Tom Jones has been linked with countless women over the years, but nobody meant more to him than his beloved late wife, Melinda. Sir Tom and Melinda Rose Woodward, known affectionately as Linda, first met when they were just eight years old.
In his 2015 memoir, Over the Top and Back, Sir Tom recalls with warmth how she would play marbles on the pavement. Whilst confined to bed during a subsequent two-year battle with tuberculosis, Tom became utterly smitten with his future spouse, who would smile at him as she passed by on her way to school in their home town of Treforest, south Glamorgan.
When Tom reached 15, he plucked up the courage to ask Linda on a date. Two years on, they married, and shortly afterwards had their first child, Mark.
Tom frequently spoke with profound admiration about his wife, whom he consistently described as the “love of his life”. Yet he also admitted to having hundreds of affairs – including one with Miss World contestant Marjorie Wallace, reports Wales Online.
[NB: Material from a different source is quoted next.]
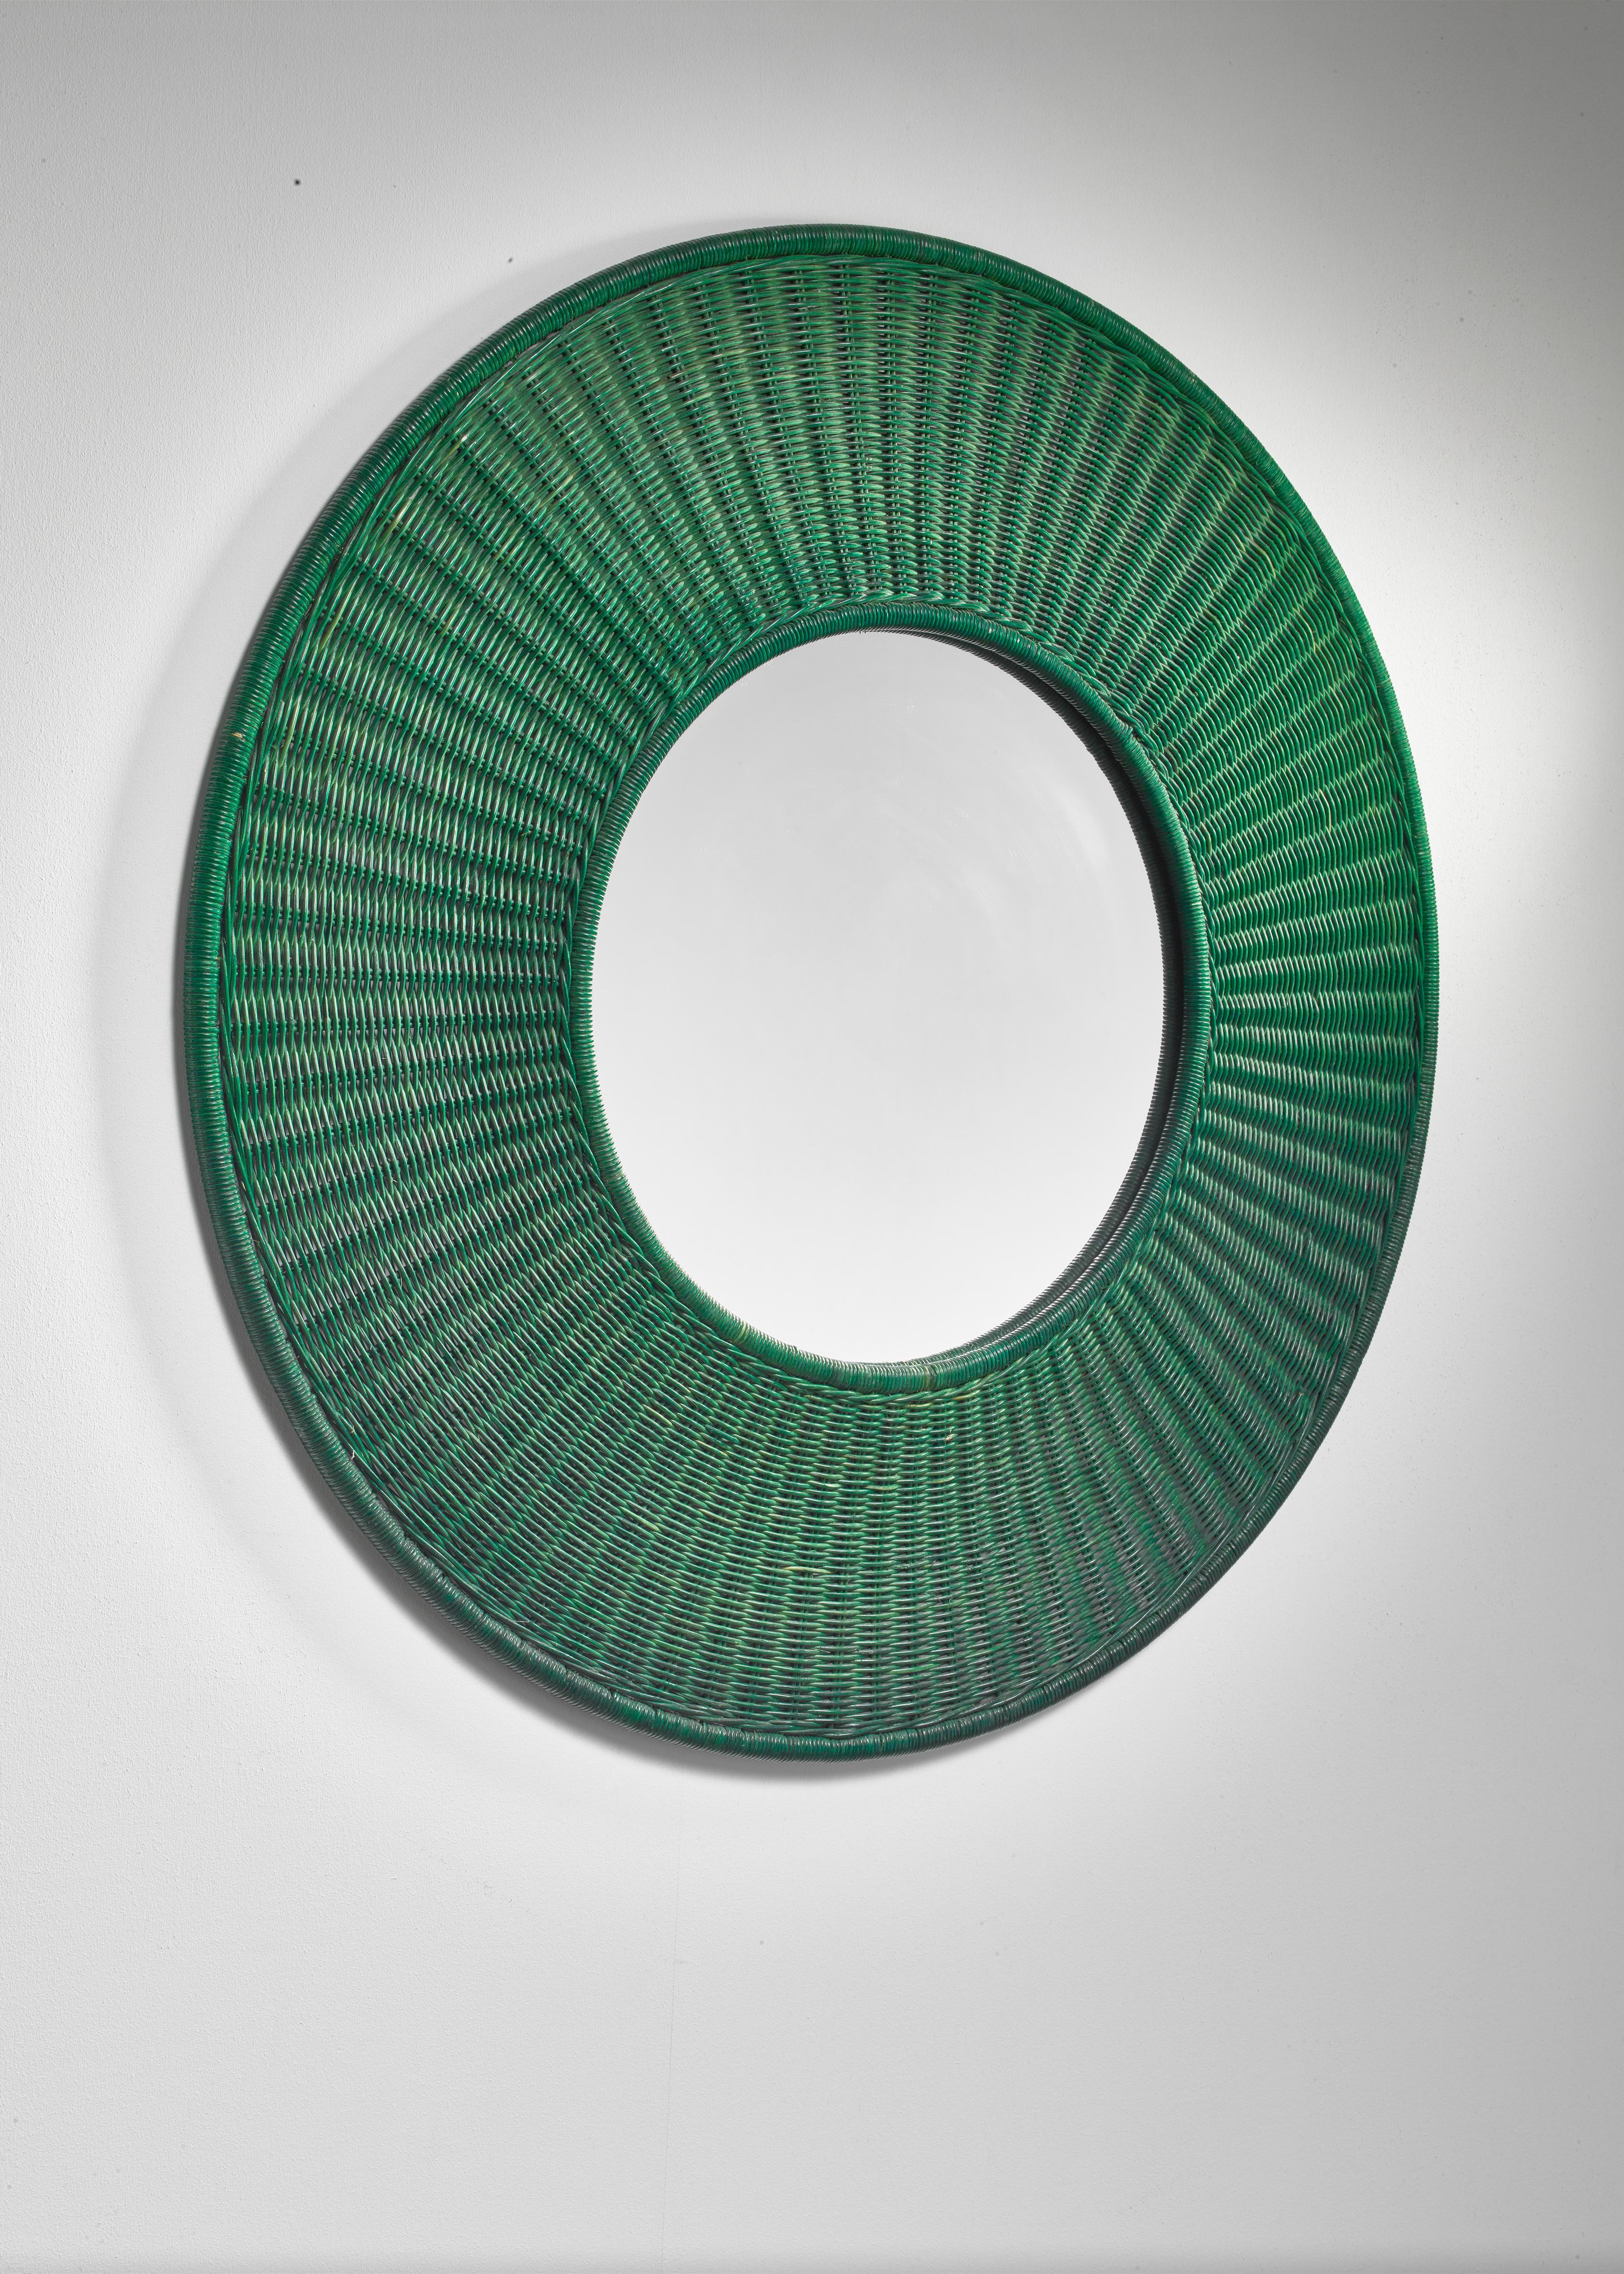 A large wall mirror with a round, green woven cane frame.

When Linda died following her “short but fierce battle” with cancer in 2016, the It’s Not Unusual singer was deeply devastated by the loss, and vowed to honour her final heart-breaking wish.
In a 2020 interview with BBC Radio 2, Sir Tom spoke with host Jo Whiley about his new album which opens with the track, I Won’t Crumble When You Fall, influenced by one of his final conversations with his lifelong love. Tom recalled how Linda stayed “the calmest person in the room” during her final days, while he and his son behaved like “gibbering idiots”.
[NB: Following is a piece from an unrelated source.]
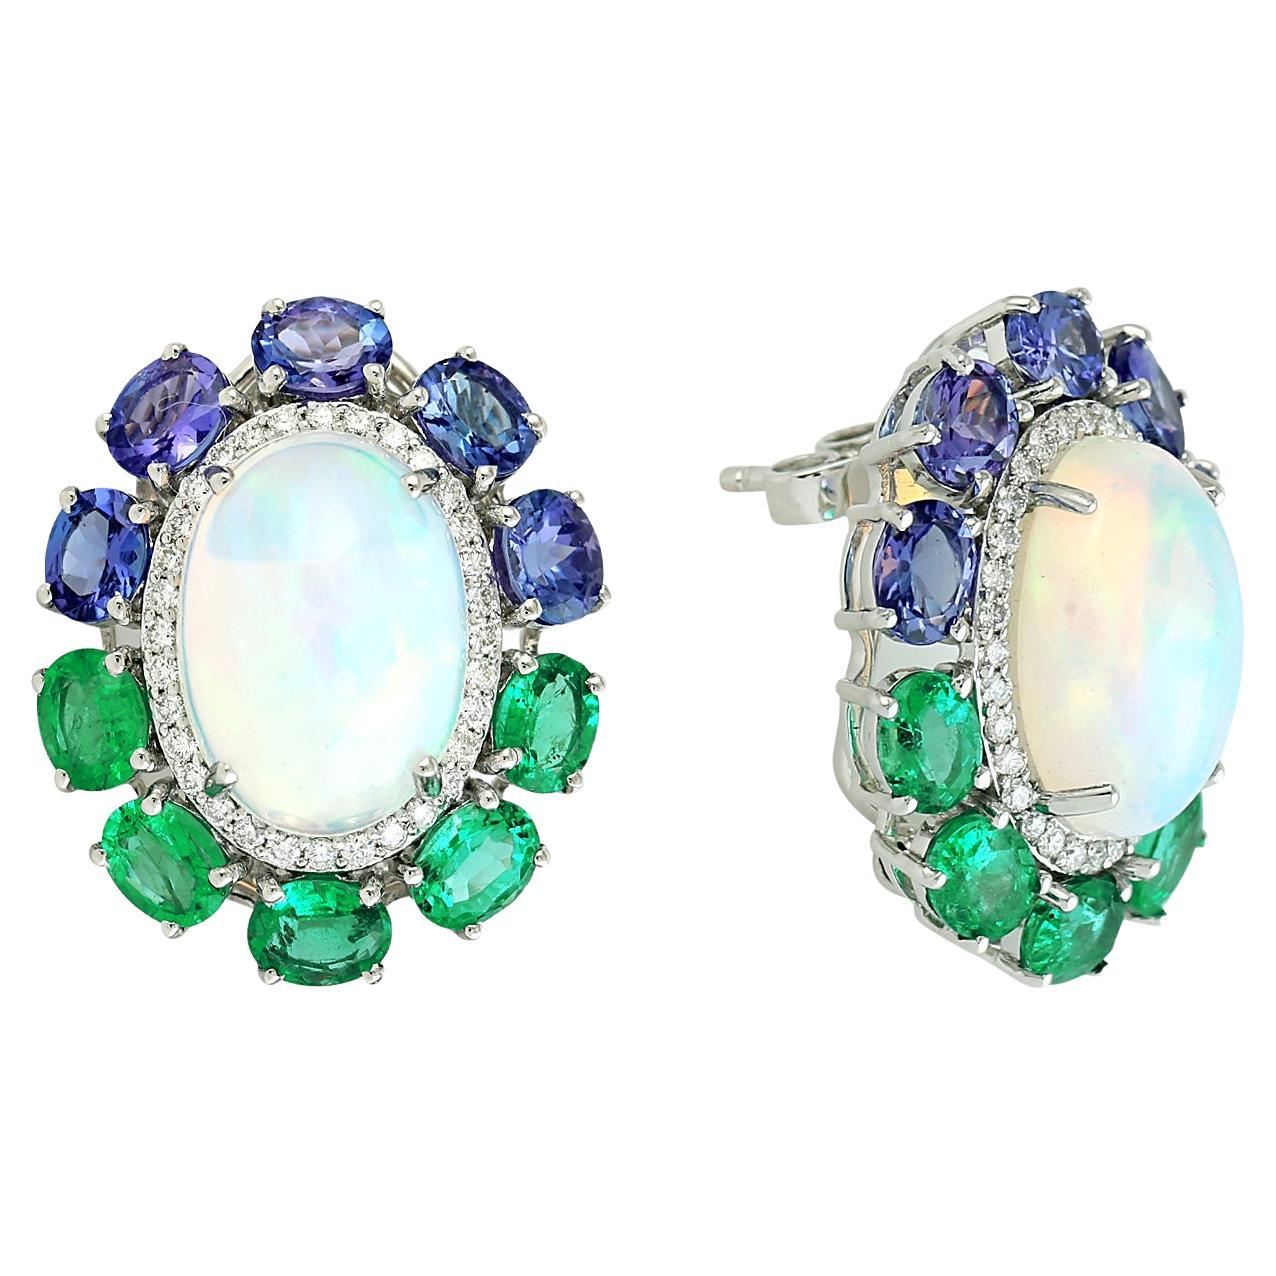 Multi Gemstone Earrings With Opal & Diamonds Made In 18k Gold For Sale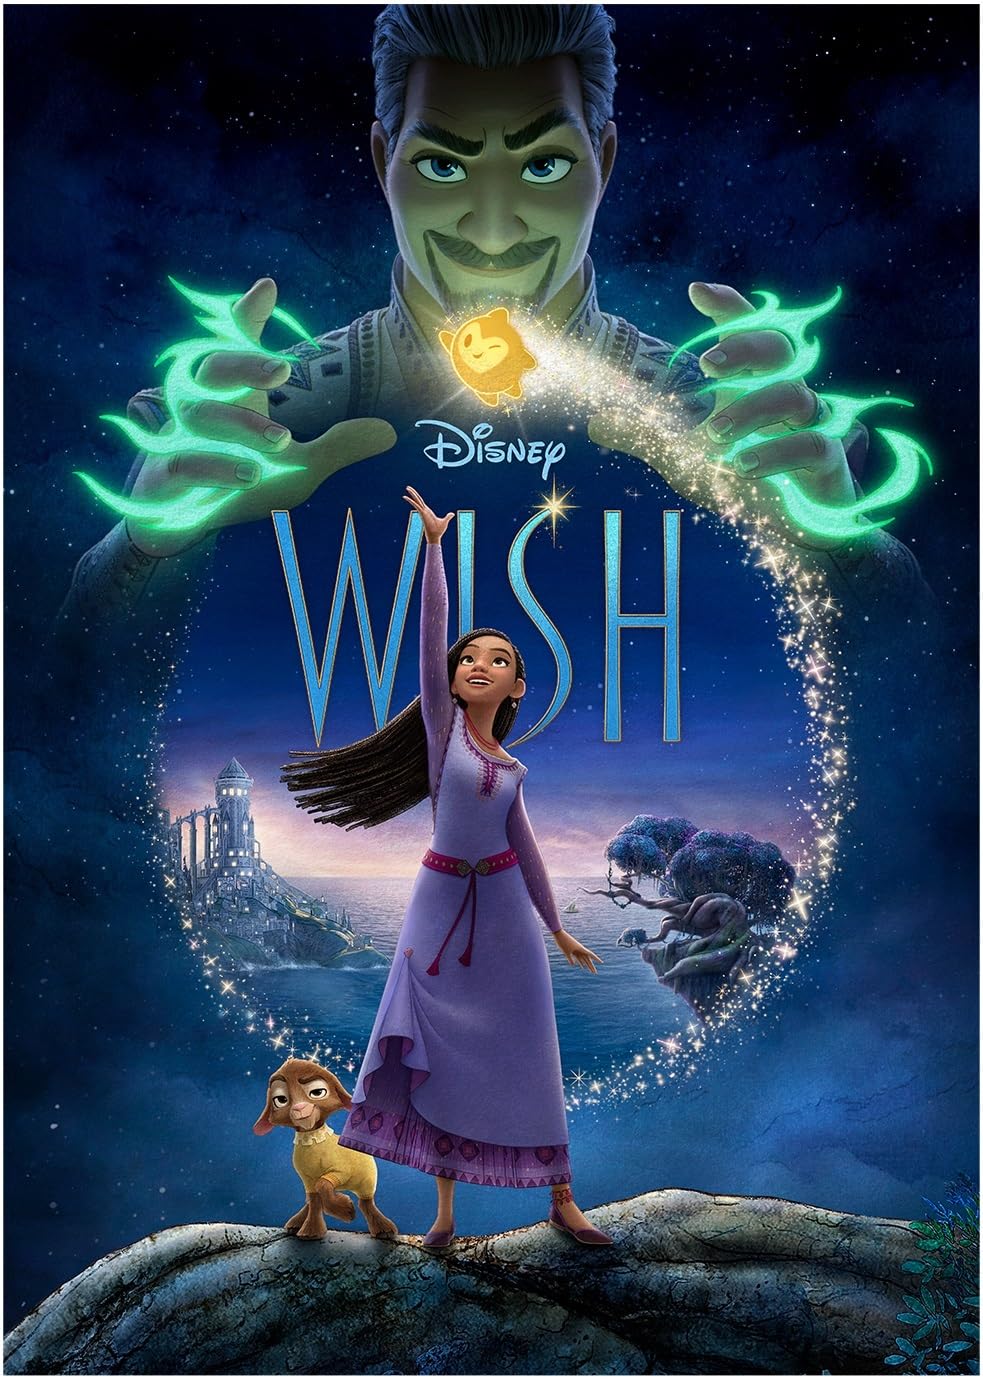 Image for "Wish"

She had one last piece of advice to share before she died. Explaining the touching significance behind his opening song, Tom said: “Myself and my son [Mark], we spent the last 10 days with her in the hospital in Los Angeles. I said, ‘Look Lin,’ and she said, ‘What do you think you’ll do with yourself now?'”.
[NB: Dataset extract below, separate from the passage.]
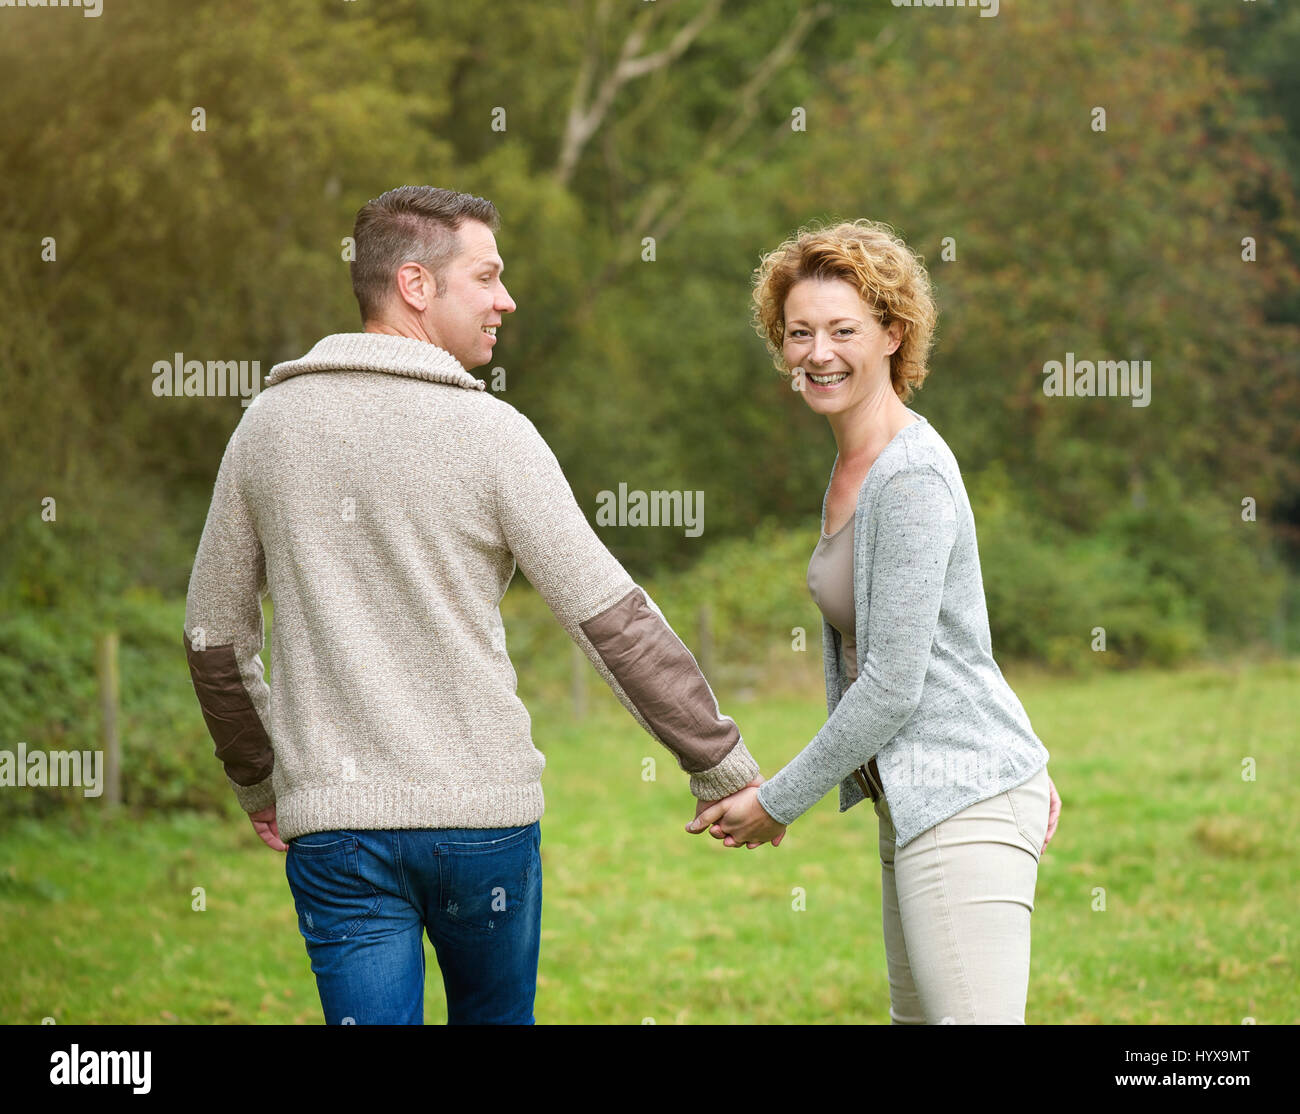 Portrait of a happy couple holding hands and walking outdoors Stock Photo

“I said, ‘I don’t know whether I’ll be able to bloody sing, the words are going to get stuck in my throat’.
“She said, ‘You’ve got to. You can’t fall with me. I’ve got to leave but you don’t have to. Don’t crumble’.

“So when I heard the song I thought, ‘My God that’s it. I’ll do anything for you.'”.
He added: “I’ll do anything for you. In the morning, when you call, in the morning I’ll wake when you call. I’ll do anything for you. But I won’t crumble with you when you fall’. She said, ‘You can’t crumble’, so that’s really for her.”
The couple had been married for 59 years and at first Tom doubted whether he could carry on performing while grappling with his profound grief. He pushed through regardless, later admitting in a Facebook post that singing “really is my best therapy”.
The iconic singer sought bereavement counselling and returned to performing just months later, precisely as Linda had wanted.